Chaos ensues for a brief moment in the aggressive tone of the lyrics and the seemingly random musical score, as the track climaxes. “Can I take you to a concert in six months?” The song concludes, leaving the listener with a lingering sense of hope.

After the emotionally charged song is the unexpected “The Kids Are All Dying”. A striking title that confronts the political and cultural issues that exist within society is accompanied by an upbeat tune to create an interesting atmosphere for the song.

The choir uses irony in singing about love, drugs and sex when there are far bigger issues facing society. He scrutinizes the superficiality of life and the art in which we devote ourselves to escape from everyday problems.

Finneas’ apocalyptic approach to lyricism continues through “Happy Now?” and “Only one life.”

“So drive around town in my douchebag car / Like the superstar I pretend to be,” sings Finneas in “Happy Now?”, While drawing attention to the lack of accomplishment of money, celebrity and facade of a public profile. Like Finneas, he includes whistling as his only sound.

In “Only a Lifetime”, Finneas dives into aging and clings to the precious moments that mark you a lifetime; “It’s staying up too late at night and laughing under the kitchen lights / So loud you start to cry,” he sings.

“The 90s” is the hit of the album, reflecting pre-internet life and fame with a techno flare and heavily produced backbeat. This begs the question: is life better with technology that complicates the simplicity of life?

Finneas tackles a cliché in “Love Is Pain”. The hauntingly beautiful song contemplates the mess of love with a lingering vocal arrangement that etches the rough edges of love.

“Everything is fine until your friend turns on a red light / You watch his car go up in flames / Love is a pain,” will send chills down listeners’ backs and haunt their thoughts for hours.

Halfway through the album, Finneas gives listeners a breath of fresh air with “Peaches Etude”, a complete piano instrument that creates a sense of warmth, comfort and hope.

Getting into the second half of the album is less satisfying and more predictable.

“Hurt Locker” exists in its own fantasy world, reflecting a difficult relationship that seems unrelated to a large audience to its eerily specific storyline.

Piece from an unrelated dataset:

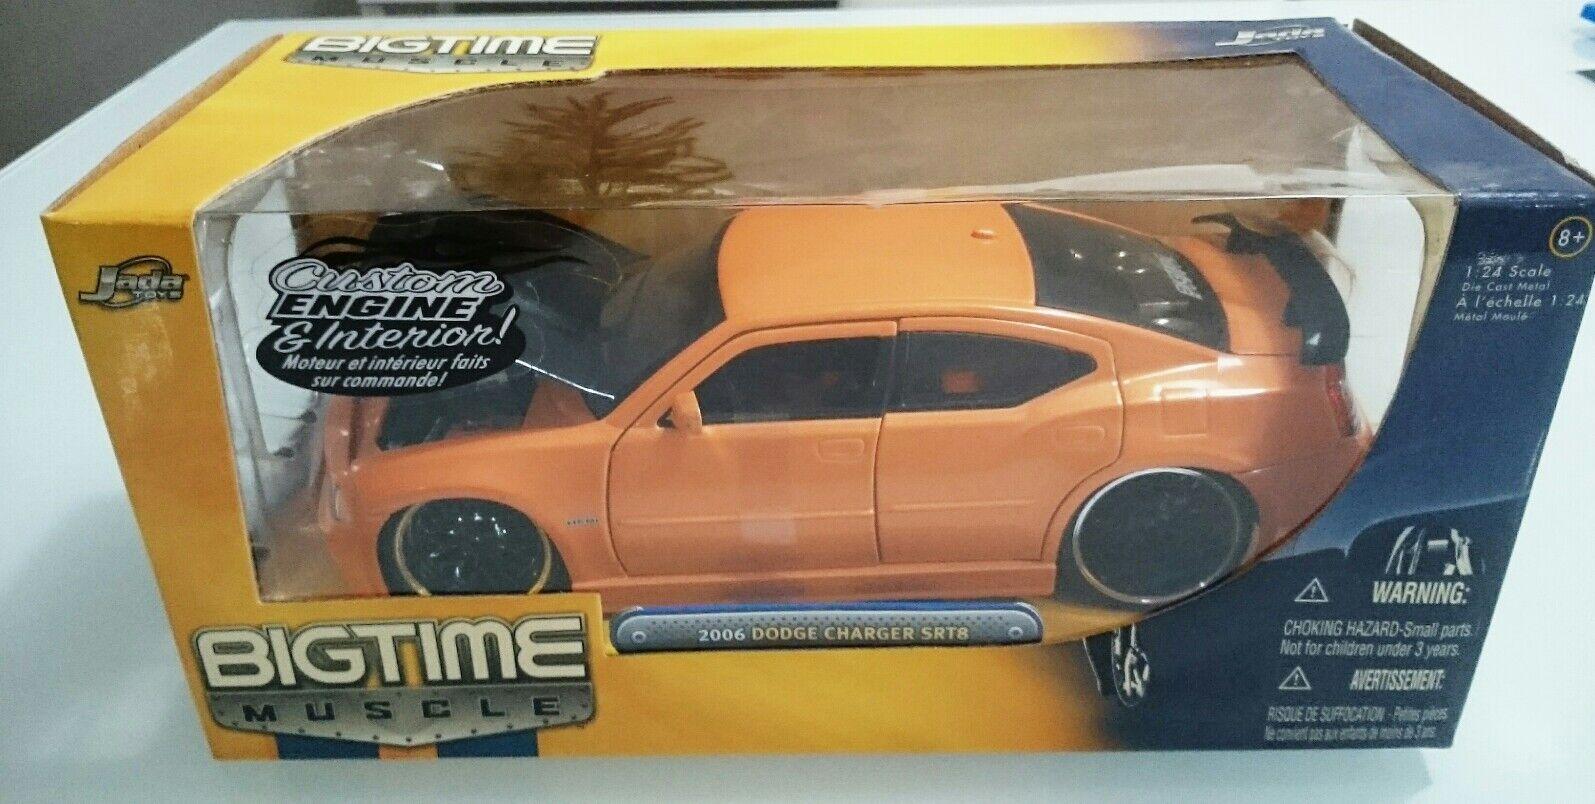 Jada Juguetes 2006 Dodge Cochegador SRT8 Big Time Músculo 1 24 motor personalizado DIE-CAST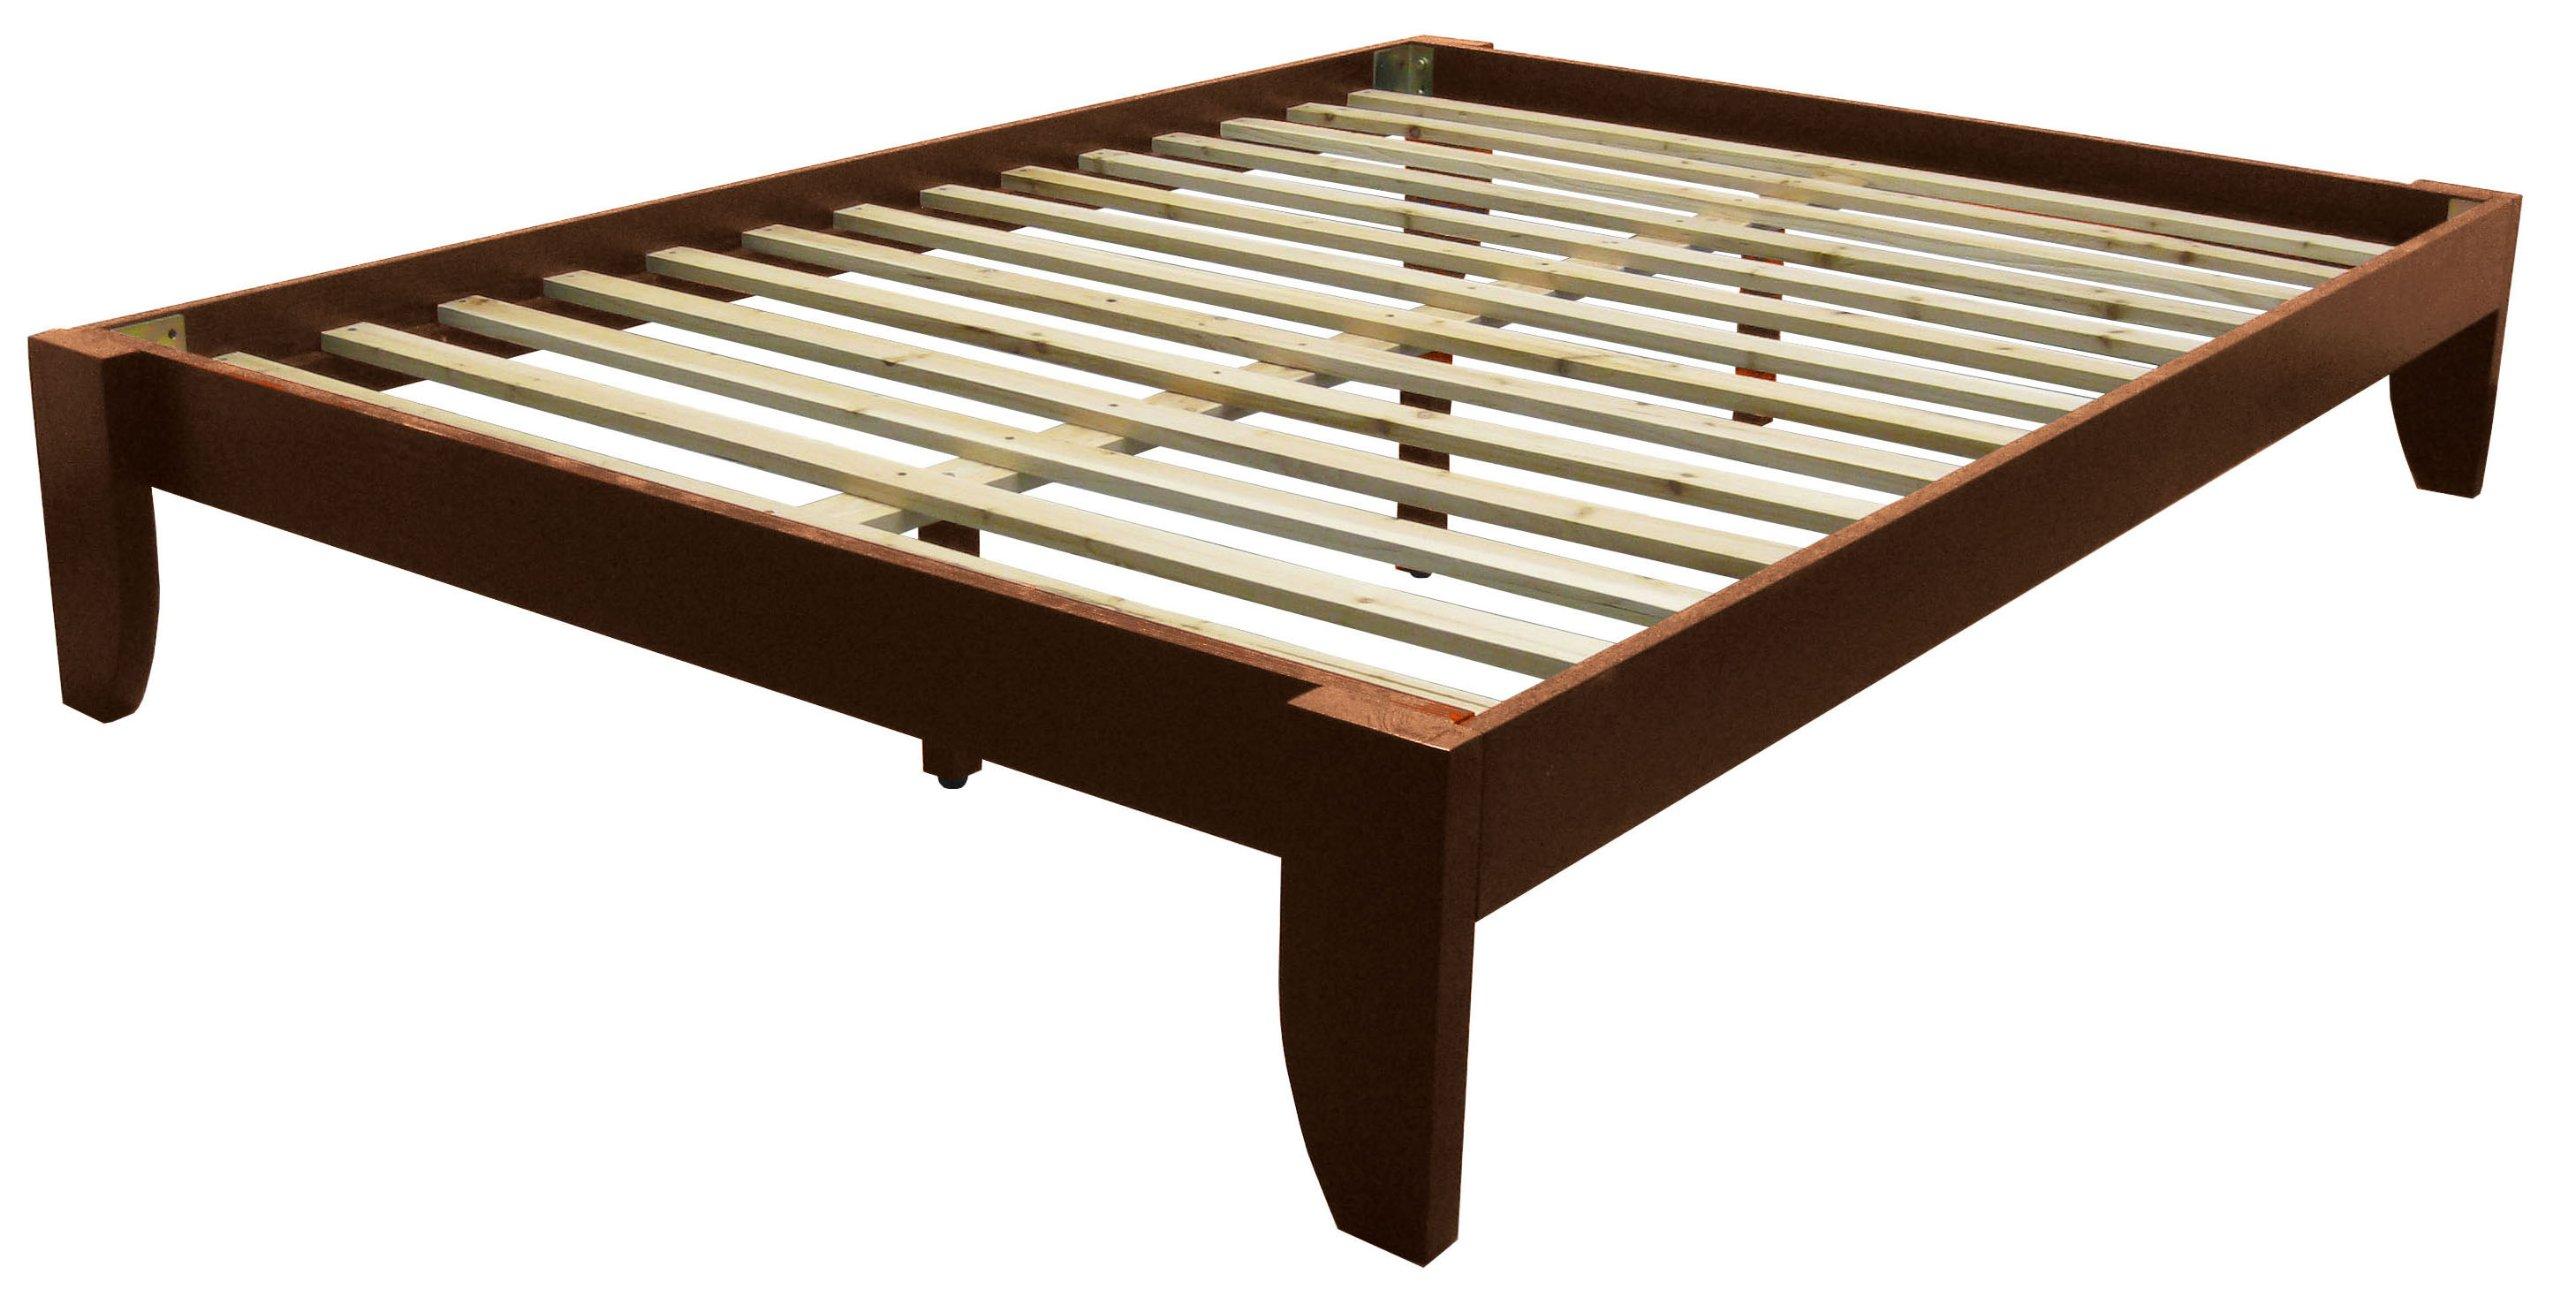 Copenhagen All Wood Platform Bed Frame, Queen, Walnut

In “Medieval”, he relates the current atmosphere of public life in medieval times. The artist relies on the fact that the people who build the celebrities are the very ones who bring them down.

While the lyrics don’t offer much variety, the song’s sheet music is crowd-pleasing and overwhelming in the best way.

The two skippable tracks return back to back with “Someone Else’s Star” and “Around My Neck”. Neither song adds to the overall impression of the album.

“Someone Else’s Star” sounds predictable and repetitive with lyrical sweetness and piano score, while “Around My Neck” breaks the trajectory of the album’s upbeat and hopeful appeal.

The surprise track is “What They’ll Say About Us”, which was released on September 3, 2020. It reflects the state of affairs in 2020 and what future generations will think of this year’s history. “What They Will Say About Us” calls on society to act to rewrite destiny and change history for the future.

The song perfectly captures the essence of the album title in its sheer optimism, while many of the album’s moody lyrics are too ironic for the title.

Finneas tries to leave the listener hopeful in “How It Ends”. Echoing the previous song, it turns its tune towards something more upbeat and pop style.

“Optimist” propels Finneas into the limelight as an artist unafraid to break the pop mold and carve out a foothold in the music industry.